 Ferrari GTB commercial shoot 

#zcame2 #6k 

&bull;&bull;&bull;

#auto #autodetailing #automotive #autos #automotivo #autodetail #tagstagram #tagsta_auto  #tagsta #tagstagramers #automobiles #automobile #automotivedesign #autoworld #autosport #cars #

§ **Task description**
Each line above must be printed exactly as it appears.

§ **Response area**
 Ferrari GTB commercial shoot 

#zcame2 #6k 

&bull;&bull;&bull;

#auto #autodetailing #automotive #autos #automotivo #autodetail #tagstagram #tagsta_auto  #tagsta #tagstagramers #automobiles #automobile #automotivedesign #autoworld #autosport #cars #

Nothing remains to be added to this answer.